Fig. 15 is a side view showing a part of substrate processing according to the fifth embodiment.

Detailed Description

Embodiments of the present disclosure are described below with reference to the drawings. In the drawings, the same or corresponding components are denoted by the same or corresponding reference numerals, and description thereof may be omitted. In the present specification, the lower side means the lower side in the vertical direction, and the upper side means the upper side in the vertical direction.

Fig. 1 is a diagram illustrating a substrate processing apparatus according to a first embodiment. As shown in fig. 1, the substrate processing apparatus 1 includes, for example, a substrate holding unit 10, a rotation driving unit 20, a liquid supply unit 30, a gas supply unit 50, a heating unit 70, and a control unit 90.

The substrate holding portion 10 holds the substrate 2 horizontally so that the surface 2a of the substrate 2 on which the uneven pattern 4 (see fig. 6) is formed faces upward. The substrate 2 is a semiconductor substrate such as a silicon wafer. The concave-convex pattern 4 is formed by, for example, photolithography. In addition to photolithography, etching may also be used. The concave-convex pattern 4 is formed by, for example, etching a film (e.g., a silicon nitride film) formed on the substrate 2. The concave-convex pattern 4 has a concave portion 5 opened upward.

The substrate holding portion 10 includes a disk-shaped plate portion 11 and a claw portion 12 disposed on an outer peripheral portion of the plate portion 11. A plurality of the claw portions 12 are arranged at intervals in the circumferential direction, and hold the substrate 2 so as to be lifted from the plate portion 11 by holding the outer peripheral edge of the substrate 2. A gap space 13 is formed between the substrate 2 and the plate portion 11.

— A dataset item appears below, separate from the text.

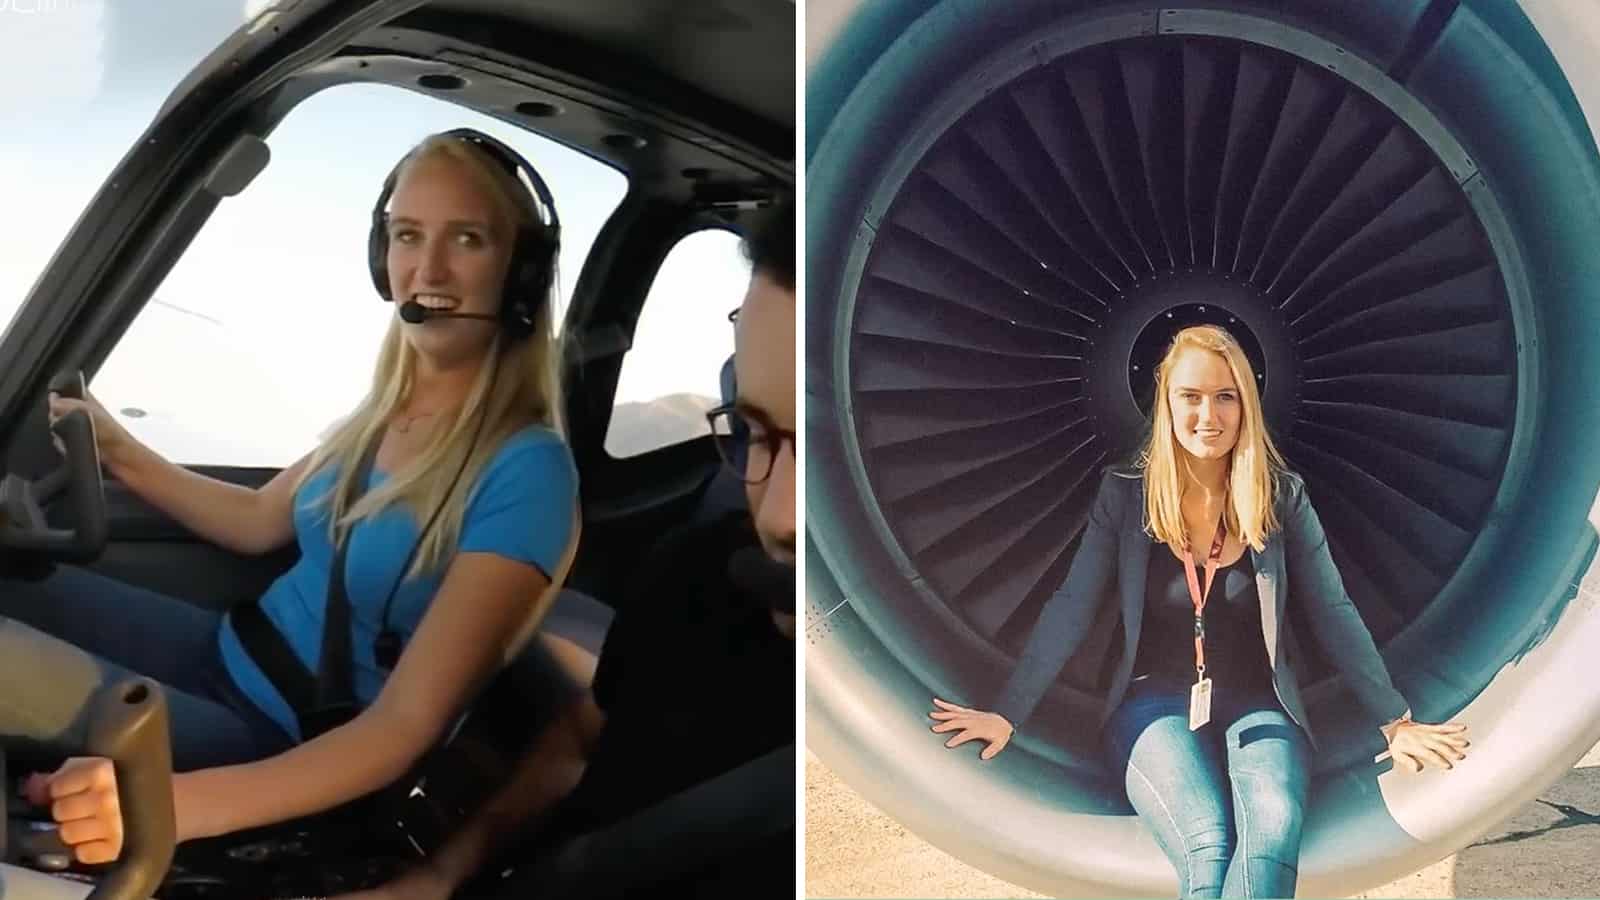 Female Airline Pilot Explains How She Pursued Her Dreams

The substrate holding portion 10 has a rotation shaft portion 14 extending downward from the center of the plate portion 11. The rotation shaft 14 is rotatably supported by a bearing 15. A through hole 16 is formed in the center of the plate portion 11, and the rotation shaft portion 14 is formed in a cylindrical shape. The inner space of the rotation shaft 14 communicates with the gap space 13 through the through hole 16.

The rotation driving unit 20 rotates the substrate holding unit 10. The rotation driving unit 20 rotates the substrate holding unit 10 about the rotation shaft 14 of the substrate holding unit 10. As the substrate holding portion 10 rotates, the substrate 2 held by the substrate holding portion 10 rotates.

The rotation driving unit 20 includes a rotation motor 21 and a transmission mechanism 22 for transmitting a rotation motion of the rotation motor 21 to the rotation shaft 14. The transmission mechanism 22 includes, for example, a pulley 23 and a timing belt 24. The pulley 23 is attached to an output shaft of the rotation motor 21 and rotates together with the output shaft. The timing belt 24 is wound around the pulley 23 and the rotation shaft 14. The transmission mechanism 22 transmits the rotational motion of the rotation motor 21 to the rotation shaft portion 14. Instead of the pulley 23 and the timing belt 24, the transmission mechanism 22 may include a plurality of gears.

The liquid supply unit 30 supplies the processing liquid to the substrate 2 held by the substrate holding portion 10 from above the substrate 2. The liquid supply unit 30 may supply a plurality of kinds of processing liquids, and may also supply a processing liquid corresponding to a processing stage of the substrate 2. Examples of the processing liquid supplied by the liquid supply unit 30 include a cleaning liquid L1 (see fig. 4 (a)), a rinse liquid L2 (see fig. 4 (b)), and a drying liquid L3 (see fig. 4 (c)). The cleaning liquid is also referred to as a chemical liquid.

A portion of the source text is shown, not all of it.